Declaración Pública del Observatorio Latinoamericano sobre Trata y Tráfico de Personas – Capítulo Chileno

17/06/2026

Compartimos la Declaración Pública del Observatorio Latinoamericano sobre Trata y Tráfico de Personas – Capítulo Chile, del que la ONG Paicabi forma parte, donde se expresa su profunda preocupación por el eventual delito de trata y/o tráfico de niños, niñas y adolescentes haitianos, tras conocerse graves irregularidades en el ingreso al país de menores de edad durante el año 2025 bajo la figura de reunificación familiar, y por la falta de debida diligencia estatal en su prevención, sanción y protección a las víctimas.

DECLARACIÓN PÚBLICA

Ante la investigación por el eventual tráfico de niños, niñas y adolescentes haitianos ingresados a Chile bajo la figura de reunificación familiar

El Observatorio Latinoamericano sobre Trata y Tráfico de Personas Capítulo Chile expresa su profunda preocupación por el eventual delito de trata y/o tráfico de niños, niñas y adolescentes haitianos, tras conocerse graves irregularidades en el ingreso al país de menores de edad durante el año 2025 bajo la figura de reunificación familiar, y por la falta de debida diligencia estatal en su prevención, sanción y protección a las víctimas.

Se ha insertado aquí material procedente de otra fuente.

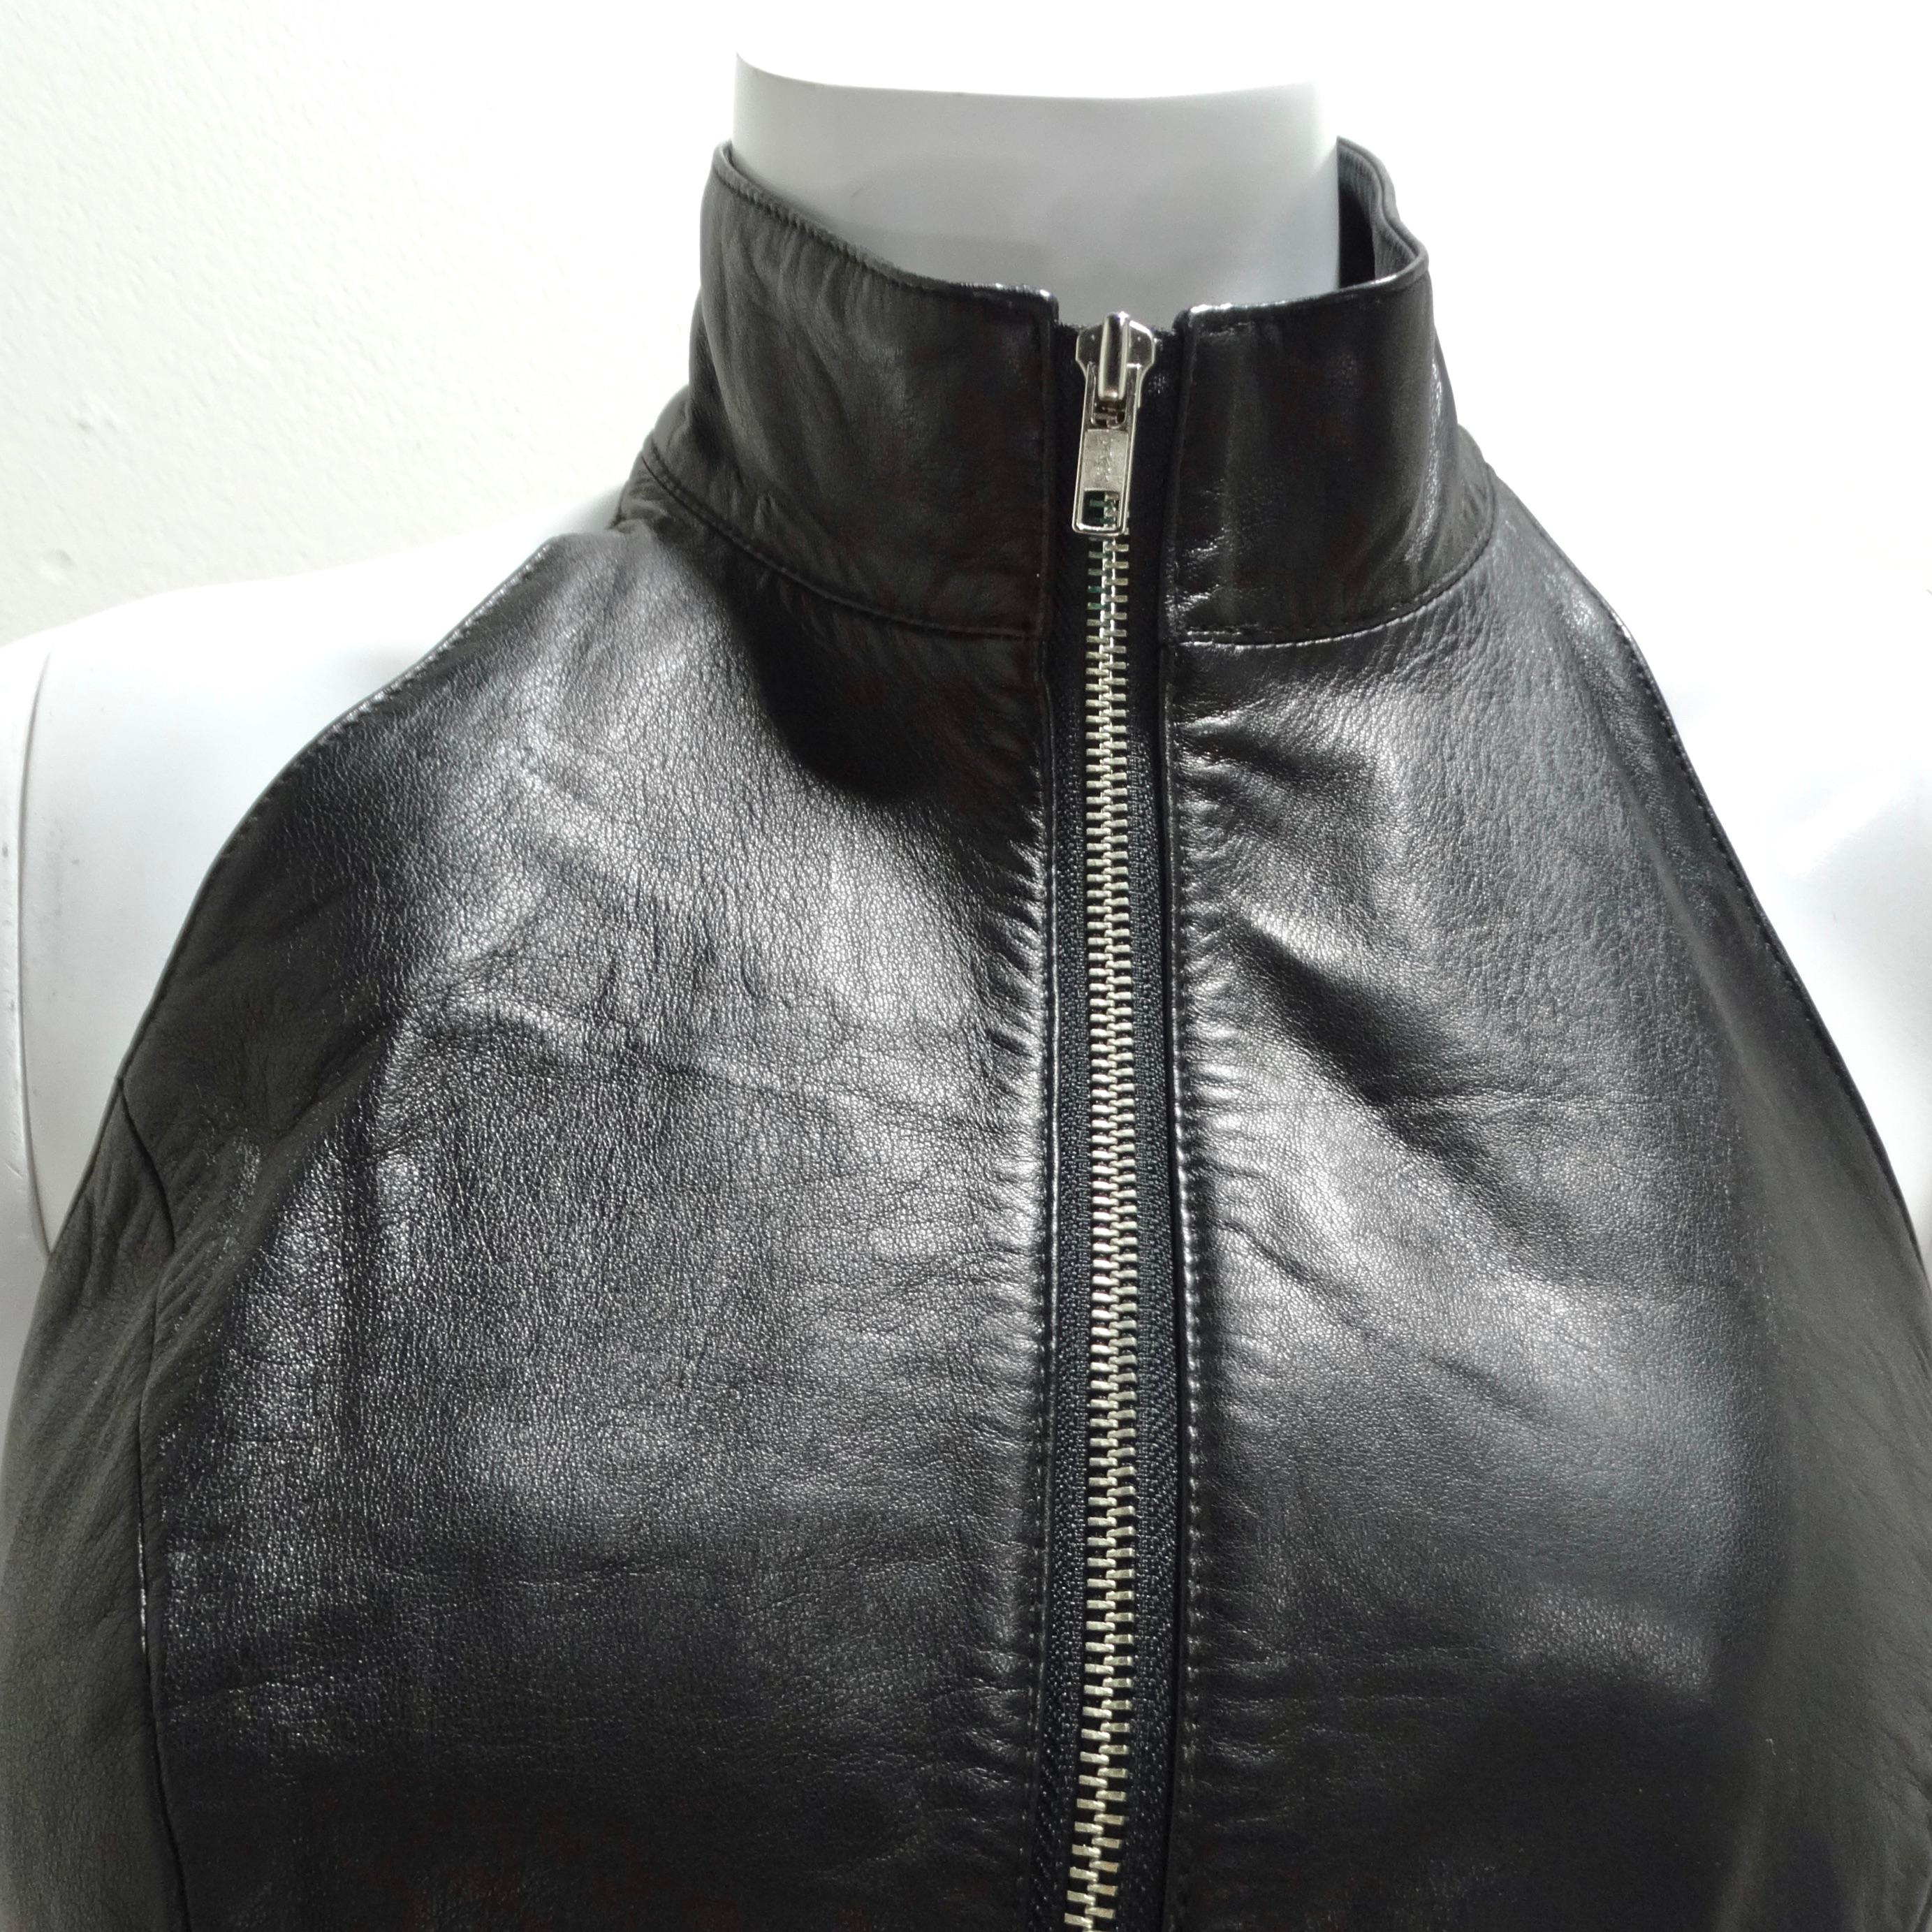 Get your hands on the Michael Hoban 1980s Black Leather Zip-Up Top – a chic and edgy wardrobe essential that effortlessly marries timeless style with a touch of daring flair. This adorable black leather crop top is a versatile piece designed to make

Las investigaciones desarrolladas por la Contraloría General de la República revelan serias deficiencias en los mecanismos de control aplicados por el Servicio Nacional de Migraciones, la Policía de Investigaciones, la Dirección General de Aeronáutica Nacional y otros organismos competentes, incluyendo la aceptación de antecedentes no verificados, la falta de acreditación suficiente de vínculos familiares y la ausencia de controles adecuados respecto de los adultos responsables que acompañaban a los niños y niñas.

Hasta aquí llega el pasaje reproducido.